Impact Factor 2.673 | CiteScore 2.96
More on impact ›


Front. Hum. Neurosci., 23 December 2016 |

Commentary: Visual Feedback of Tongue Movement for Novel Speech Sound Learning

  • 1Cognitive Neurology and Aphasia Unit and Cathedra ARPA of Aphasia, Centro de Investigaciones Médico-Sanitarias, Instituto de Investigación Biomédica de Málaga, University of Malaga, Malaga, Spain
  • 2Department of Spanish Language, University of Malaga, Malaga, Spain

A commentary on
Visual Feedback of Tongue Movement for Novel Speech Sound Learning

by Katz, W. F., and Mehta, S. (2015). Front. Hum. Neurosci. 9:612. doi: 10.3389/fnhum.2015.00612

Access to visual information during speech is useful for verbal communication because it enhances auditory perception, especially in noise (Sumby and Pollack, 1954). Until recently, visual feedback of the speaker's face was possible only for the visible articulators (the lips), but new computer-assisted pronunciation training (CAPT) systems have created a kind of “transparent” oral cavity that permits us to look at our own tongue movements during articulation.

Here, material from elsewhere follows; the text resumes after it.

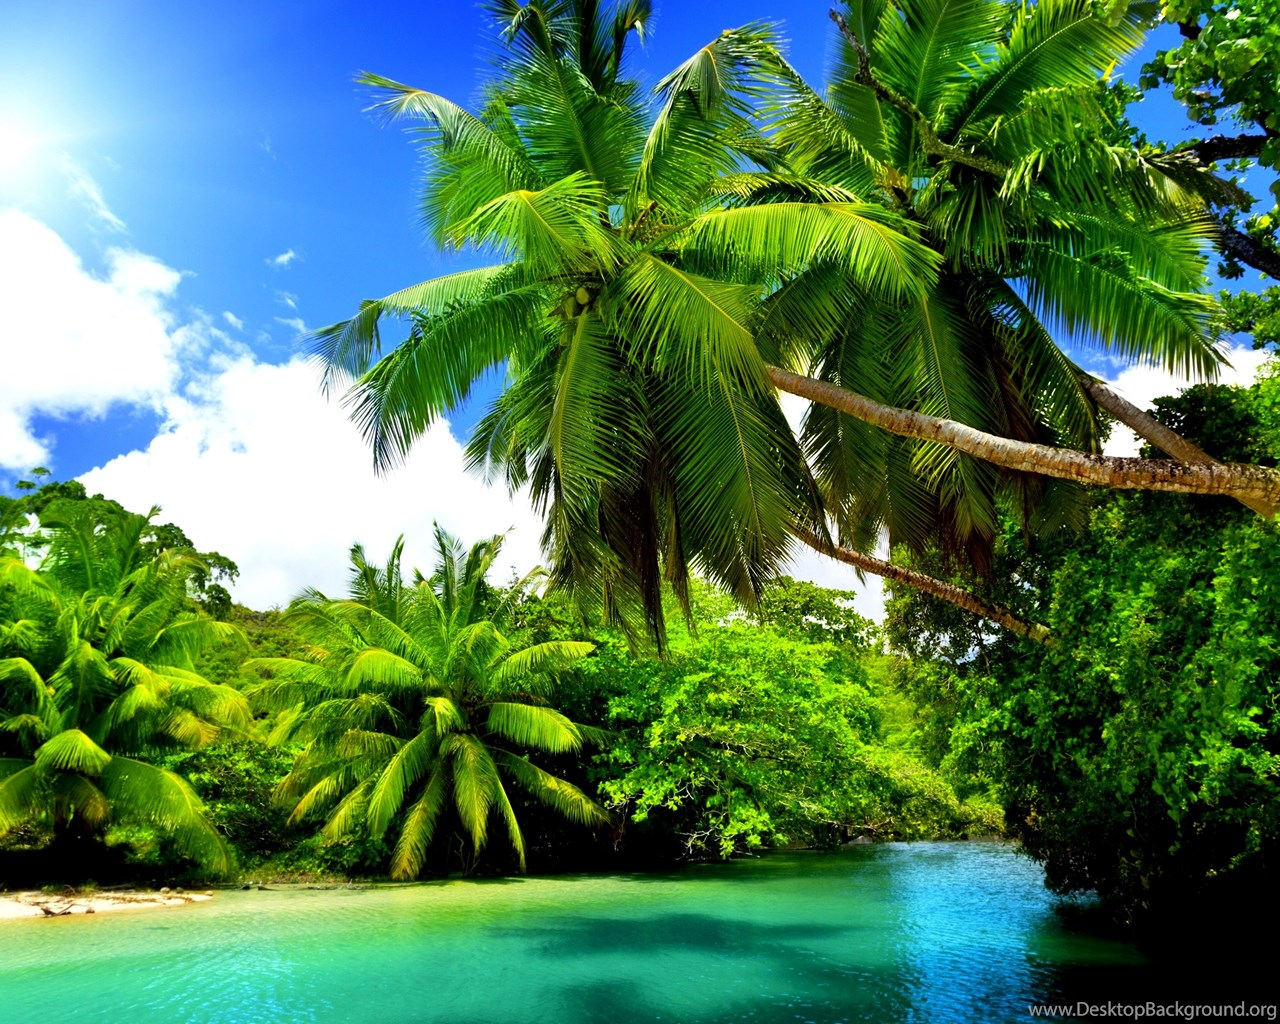 Pretty Nature Backgrounds Wallpapertag: Pretty Nature Wallpapers Full HD Nekeran.com Desktop

The use of CAPT systems is a clever way to integrate visual feedback with auditory feedback. This has been exploited by Katz and Mehta (2015) (hereafter K & M) to strengthen learning of novel speech sounds. Using this emerging methodology (Opti-Speech visual feedback system—Katz et al., 2014), they trained five college-age subjects to learn a novel consonant in the /ɑCɑ/ context. Before training, the stimulus was produced by one of the investigators (SM) three times together with an explanation on how to position the tongue inside the mouth while reproducing the phoneme. The learned consonant was a sound not attested as a phoneme among the world's languages. The stimuli were elicited in blocks of 10 /ɑCɑ/ productions using a single-case ABA design (pre-training, training, post-training), with visual feedback only in the training phase. In their study, K & M presented the listeners with a visual representation of internal (hidden to vision) articulators to enhance perception and eventually to finely tune articulatory tongue movements. Five sensors were positioned on the tongue of the learners so as to provide them with online visual feedback of the hidden articulators thus allowing tongue reading. Despite receiving detailed verbal instructions, all subjects did poorly at baseline assessment; their accuracy improved during the visual feedback training and gains were maintained in a follow-up examination (both p < 0.001 relative to baseline). The effect size of training for each subject was >90% (highly effective). Analysis of acoustic and spectral parameters suggested increased production consistency after training.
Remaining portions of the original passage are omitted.